If we wanted to know length of time during which the rider is more than 100 meters above ground, we would need to solve equations involving trig functions.

## Solving using Known Values

In the last chapter, we learned sine and cosine values at commonly encountered angles. We can use these to solve sine and cosine equations involving these common angles.

EXAMPLE 1

Solve \(\sin \left(t\right)=\dfrac{1}{2}\) for all possible values of \(t\).

**Solution**

Notice this is asking us to identify all angles, \(t\), that have a sine value of \(\dfrac{1}{2}\). While evaluating a function always produces one result, solving for an input can yield multiple solutions. Two solutions should immediately jump to mind from the last chapter: \(t=\dfrac{\pi }{6}\) and \(t=\dfrac{5\pi }{6}\) because they are the common angles on the unit circle with a sin of \(\dfrac{1}{2}\).

Looking at a graph confirms that there are more than these two solutions. While eight are seen on this graph, there are an infinite number of solutions!

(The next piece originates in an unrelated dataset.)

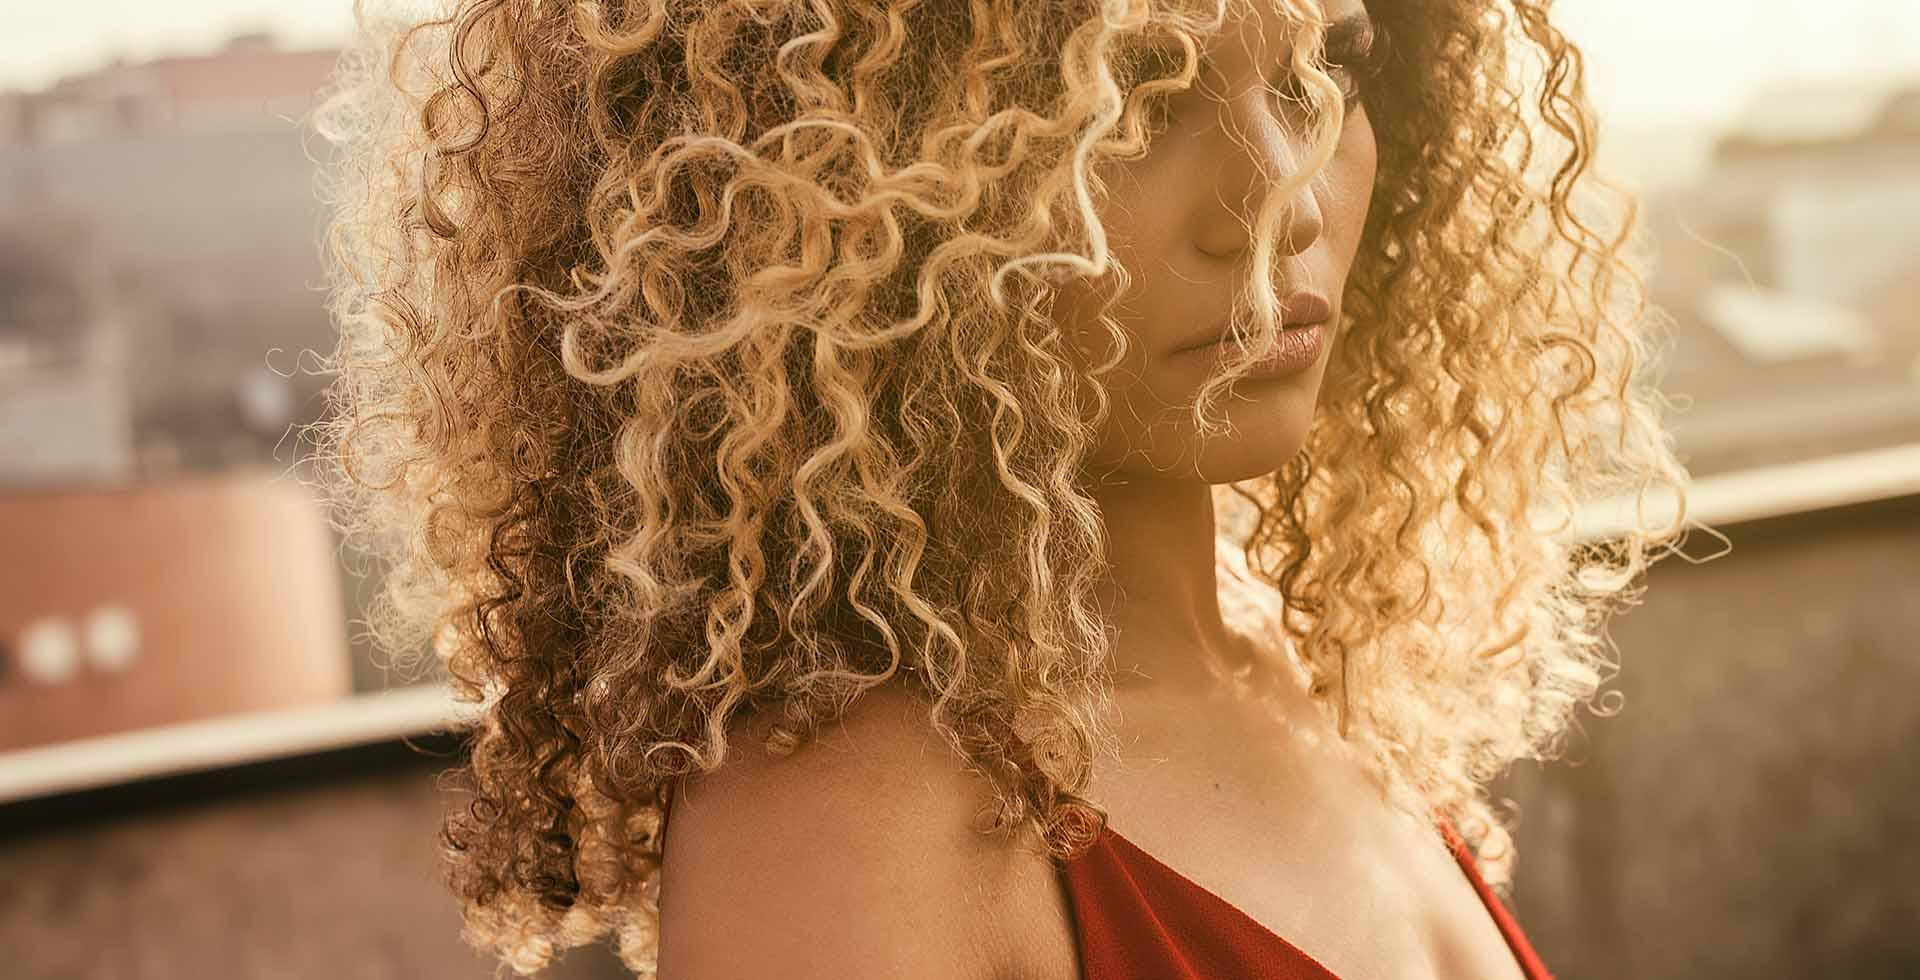 Curl power: l'eterna seduzione di ricci, onde e boccoli. Da creare, perfezionare, plasmare come piace a noi

Remember that any coterminal angle will also have the same sine value, so any angle coterminal with these our first two solutions is also a solution. Coterminal angles can be found by adding full rotations of 2\(\pi \), so we can write the full set of solutions:

\(t=\dfrac{\pi }{6} +2\pi k\) where k is an integer, and \(t=\dfrac{5\pi }{6} +2\pi k\) where \(k\) is an integer.

EXAMPLE 2

A circle of radius \(5\sqrt{2}\) intersects the line \(x = -5\) at two points. Find the angles \(\theta\) on the interval \(0 \le \theta <2\pi\), where the circle and line intersect.

**Solution**

The \(x\) coordinate of a point on a circle can be found as \(x=r\cos \left(\theta \right)\), so the \(x\) coordinate of points on this circle would be \(x=5\sqrt{2} \cos \left(\theta \right)\). To find where the line \(x = -5\) intersects the circle, we can solve for where the \(x\) value on the circle would be -5.

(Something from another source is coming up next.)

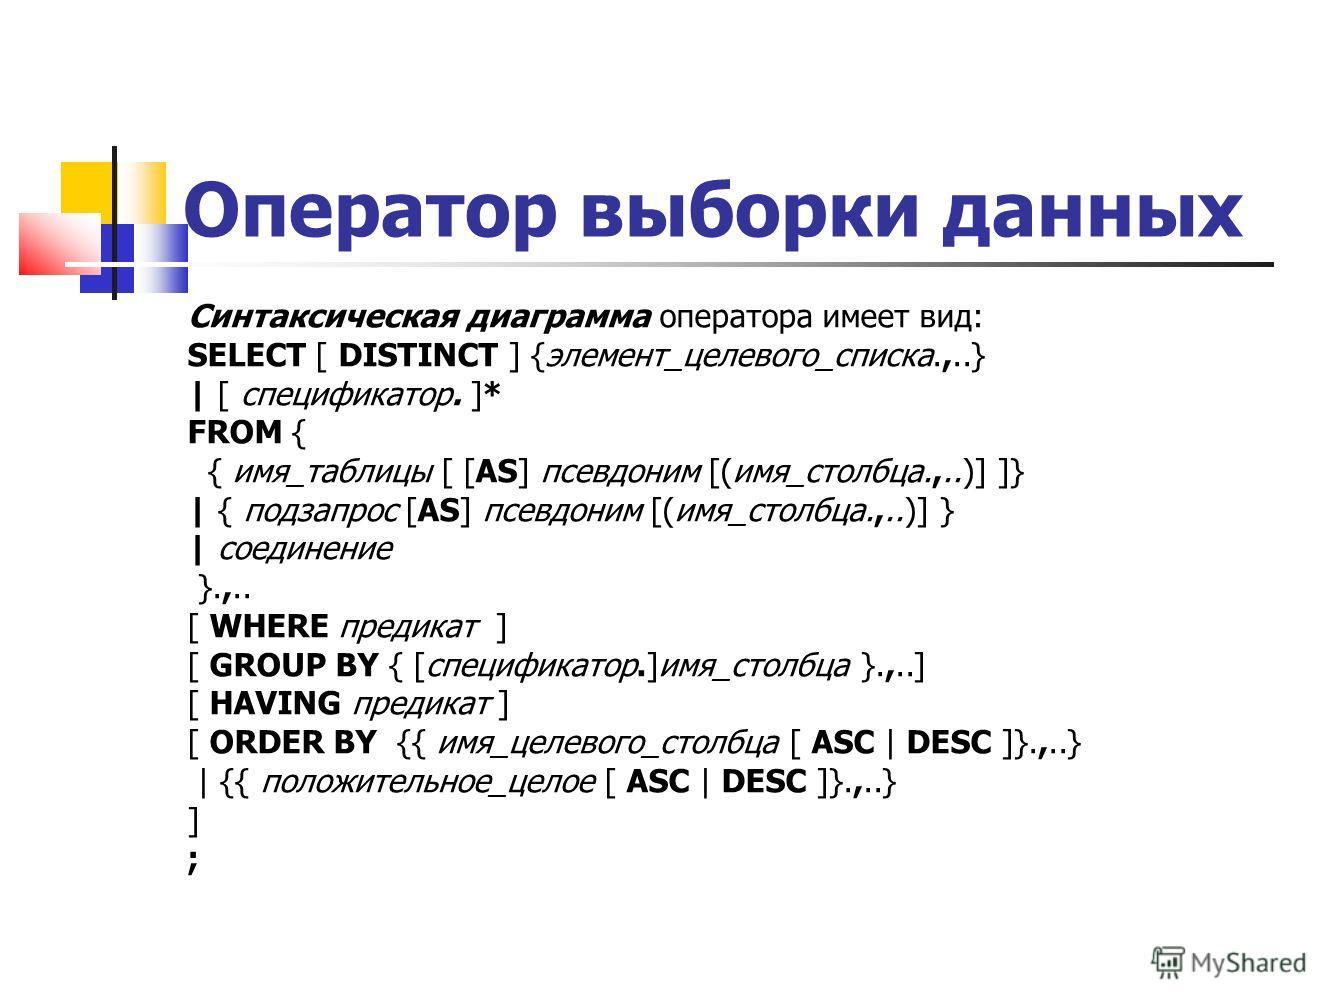 Оператор выборки данных Синтаксическая диаграмма оператора имеет вид: SELECT [ DISTINCT ] {элемент_целевого_списка.,..} | [ спецификатор. ]* FROM { { имя_таблицы [ [AS] псевдоним [(имя_столбца.,..)] ]} | { подзапрос [AS] псевдоним [(имя_столбца.,..)]

\(-5=5\sqrt{2} \cos \left(\theta \right)\) Isolating the cosine

\(\dfrac{-1}{\sqrt{2} } =\cos \left(\theta \right)\) Recall that \(\dfrac{-1}{\sqrt{2} } =\dfrac{-\sqrt{2} }{2}\), so we are solving

\(\cos \left(\theta \right)=\dfrac{-\sqrt{2} }{2}\)

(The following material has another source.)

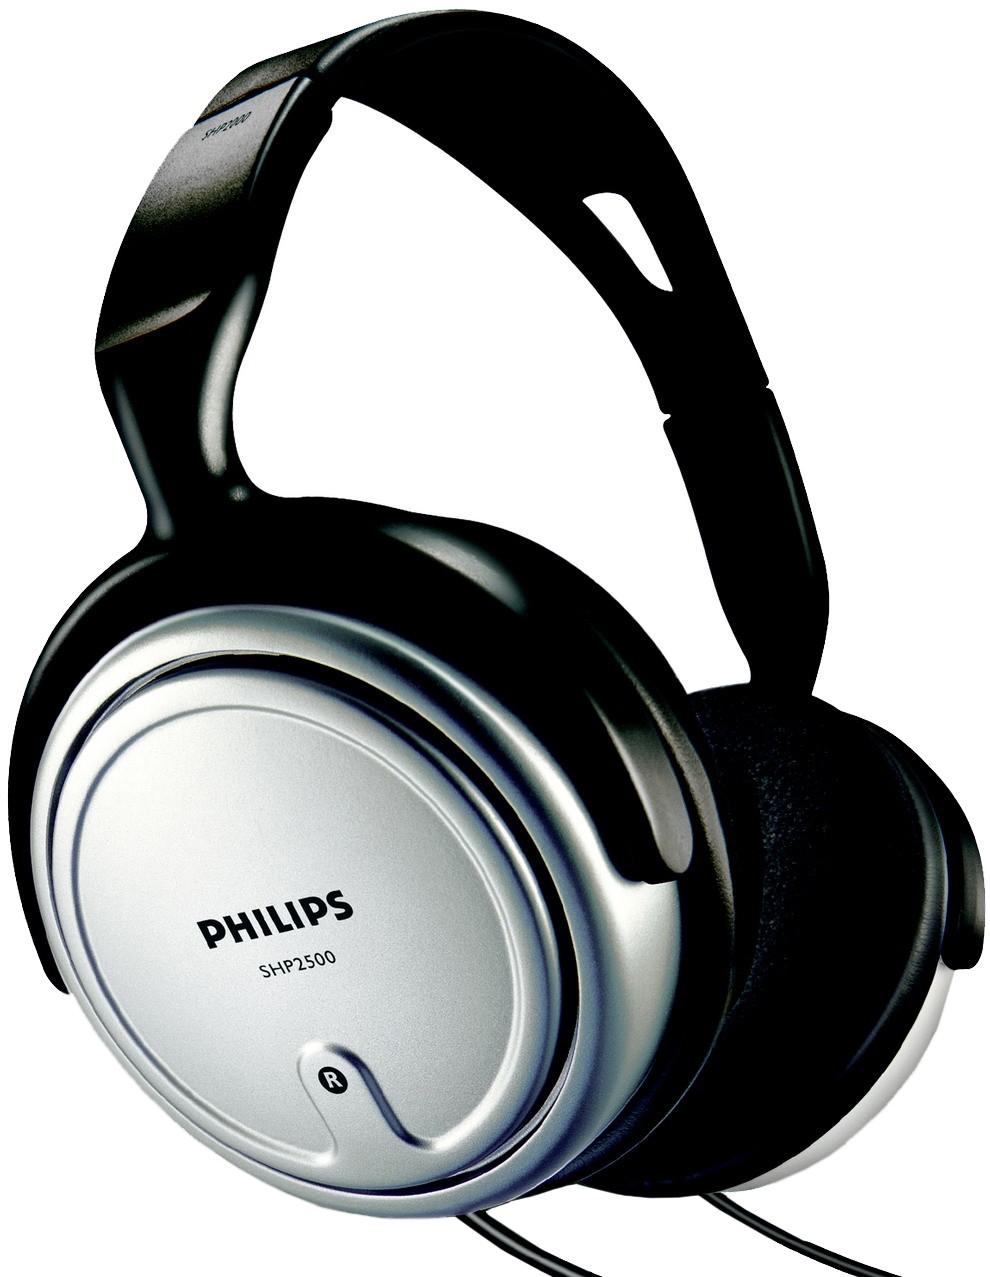 Наушники Philips SHP2500Наушники и гарнитуры<br>Наушники philips shp2500: приятная цена и звучание.<br>Наушники philips shp2500 00 понравятся как любителям послушать музыку в хорошем качестве, так и поклонникам онлайн-игр. Ведь эти мониторные наушники, кроме того, что выдают отличный звук, еще и очень удобные. Настолько, что их можно не снимать часами. С ними так удобно, что вы просто забываете о них!<br>Широкое оголовье этих наушников плотно прилегает к голове, настолько же плотно амбушюры прилегают к ушам. Но при этом через пару часов в наушниках у вас нет ощущения, будто вашу голову зажали в тиски. Знакомое ощущение,...<br><br>Тип: наушники<br>Тип акустического оформления: Закрытые<br>Вид наушников: Мониторные<br>Тип подключения: Проводные<br>Номинальная мощность мВт: 500<br>Диапазон воспроизводимых частот, Гц: 15 - 22000 Гц<br>Сопротивление, Импеданс: 32 Ом<br>Чувствительность дБ: 106

We can recognize this as one of our special cosine values from our unit circle, and it corresponds with angles \(\theta =\dfrac{3\pi }{4}\) and \(\theta =\dfrac{5\pi }{4}\).

Exercise

Solve \(\tan \left(t\right)=1\) for all possible values of \(t\).

**Answer**-
From our special angles, we know one answer is \(t=\dfrac{\pi }{4}\). Tangent equations only have one unique solution per cycle or period, so additional solutions can be found by adding multiples of a full period, \(\pi \). \(t=\dfrac{\pi }{4} +\pi k\).

EXAMPLE 3

The depth of water at a dock rises and falls with the tide, following the equation \(f(t)=4\sin \left(\dfrac{\pi }{12} t\right)+7\), where t is measured in hours after midnight. A boat requires a depth of 9 feet to tie up at the dock. Between what times will the depth be 9 feet?

**Solution**

To find when the depth is 9 feet, we need to solve \(f(t) = 9\).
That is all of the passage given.